Just to go back to what you said earlier, a lot of the work was moved online due to the pandemic. Are there any models or methods that were delivered better online that you would want to continue, despite the fact that we have in-person communication now?

Everyone is having to do a little bit more with less, given the challenges we are facing. I think what we have learned through the pandemic about the digital engagement is not going to disappear. As I said I don’t think it can replace face-to-face engagements, but I think it will continue to play an important part — just how we can now have meetings at the drop of a pen involving people from all over the world.

I believe the value of festivals like Dhaka Lit Fest will remain, but the opportunity to dial in other voices that can’t attend in person has certainly become more relevant, and technology allows us to do that.

One example of that is an online project we funded with Dhaka Lit Fest called Everything Change around 18 months ago, to bring together international thinkers and writers to talk about creativity and climate change, and how the creative community can help to combat climate change and the main issues we are still facing. One of the directors of DLF opened that online forum with Margaret Atwood, and a lot of that content is still available online.

What’s great about digital interface is that we now know that it will be there for posterity. I think that was a good example of using digital platforms to bring together the arts on an important theme like climate change, which is affecting Bangladesh but also countries all over the world.

British Council has been integral to events like the Dhaka Lit Fest, and the Hay Festival here before that. What are your thoughts on the return of DLF after its hiatus?

It is fantastic to see that Dhaka’s festival season is in full swing again after all this time. We couldn’t be more proud to see the leaps and bounds that Dhaka Lit Fest has made over the last 10 years. As you mentioned, the partnership first started off between British Council and the Hay Festival. It was always meant to be a pilot project. For many reasons the Hay Festival was not able to continue in Bangladesh, and that’s when we worked together as the British Council, with the three directors to ensure that what was a seedling of an idea pilot was built on.

They have done an amazing job over the last 10 years, up to what it is today.

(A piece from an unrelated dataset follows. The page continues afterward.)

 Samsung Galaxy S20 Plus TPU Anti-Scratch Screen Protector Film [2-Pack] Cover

I have only had the opportunity to visit one other festival before, so I’m looking forward to this one. I think it is really important that this type of forum exists in Bangladesh to allow young Bangladeshis, and hopefully not just elite Bangladeshis — Bangladeshis from all over the spectrum to come and hear directly from international voices and thinkers, and also celebrate the amazing wealth of Bengali literature that is out there.

What sessions are you interested to attend at DLF this year?

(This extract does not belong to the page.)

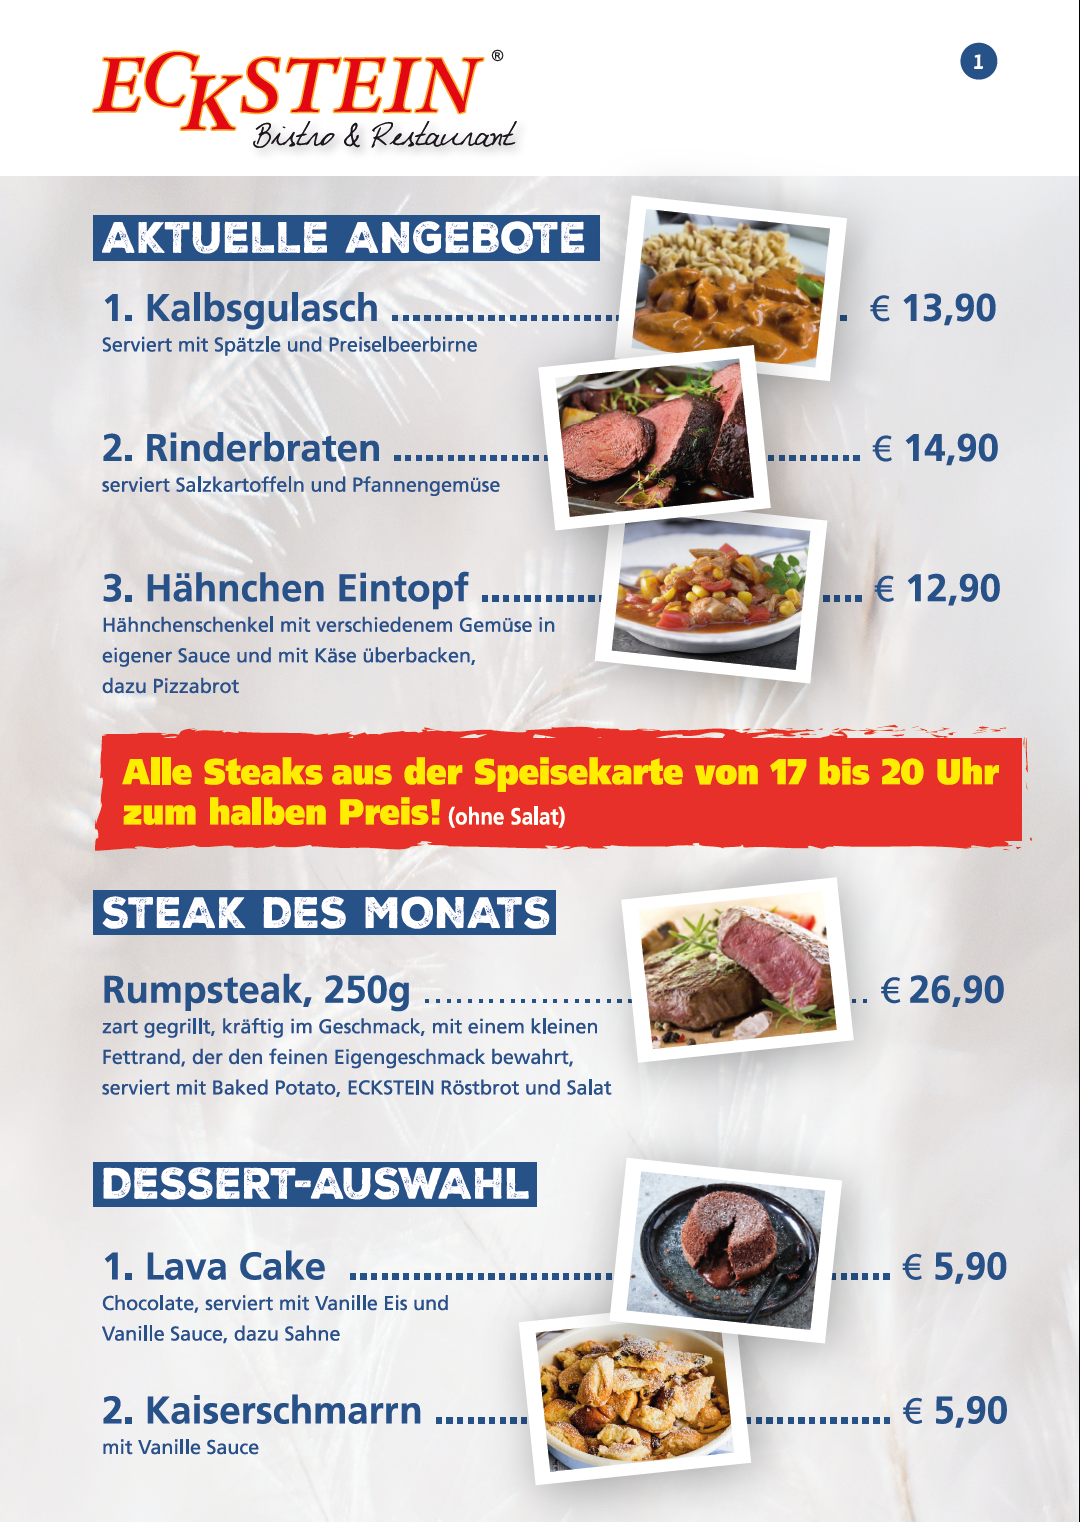 Eckstein-Restaurant-Eimsbüttel-Burger-Steaks-Fisch-Aktion-1

We are specifically sponsoring three authors and one publisher at this festival: Owen Sheers, Sarvat Hasin, and Alexandra Pringle. I’m looking forward to seeing some of the talks that they would be giving, and meeting them in person. Otherwise, I hear that Tilda Swinton is in town, I will definitely be attending her reading.

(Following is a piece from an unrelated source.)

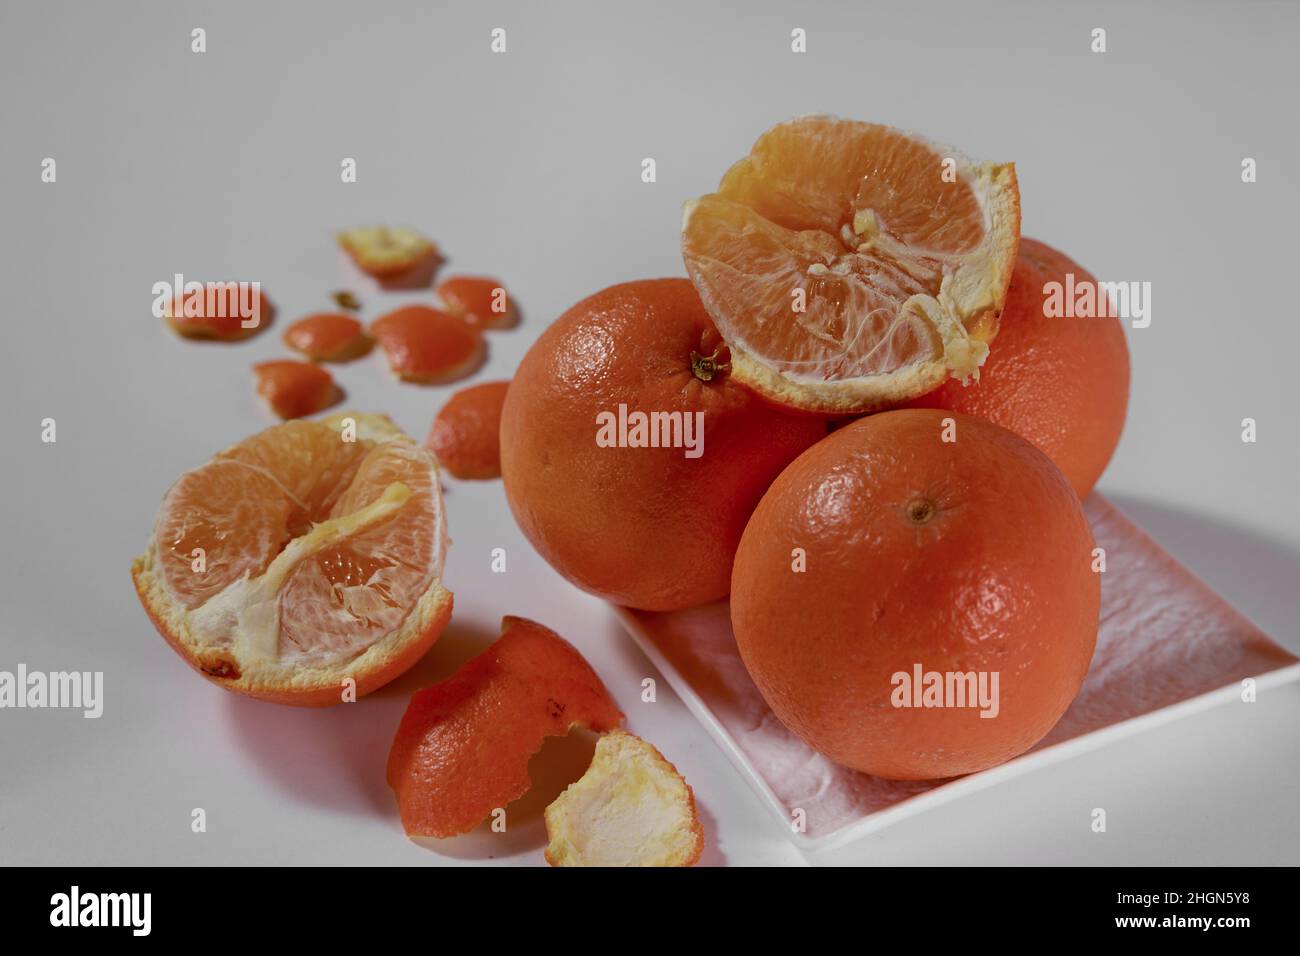 Quattro arance giacciono su una piastra di ceramica bianca e una è rotta a metà con una buccia sbucciata su uno sfondo bianco. Foto Stock

So many fantastic authors are coming out. It’s an opportunity for them as well to come to Dhaka and experience a little bit of the Bangladeshi culture I was talking about — and the hospitality — and for Bangladeshis to get a glimpse into the world.

What are you looking forward to in 2023?

I am probably most looking forward to getting out and about again. In the last few months, we have seen activities resume, festivals like this one starting up again, and we have a number of festivals coming up. British Council is organizing a Women of the World festival from February 24-25. I am looking forward to getting to all the fests in Dhaka, and also getting out of Dhaka — to see our work and the corners of the country that I haven’t managed to visit yet.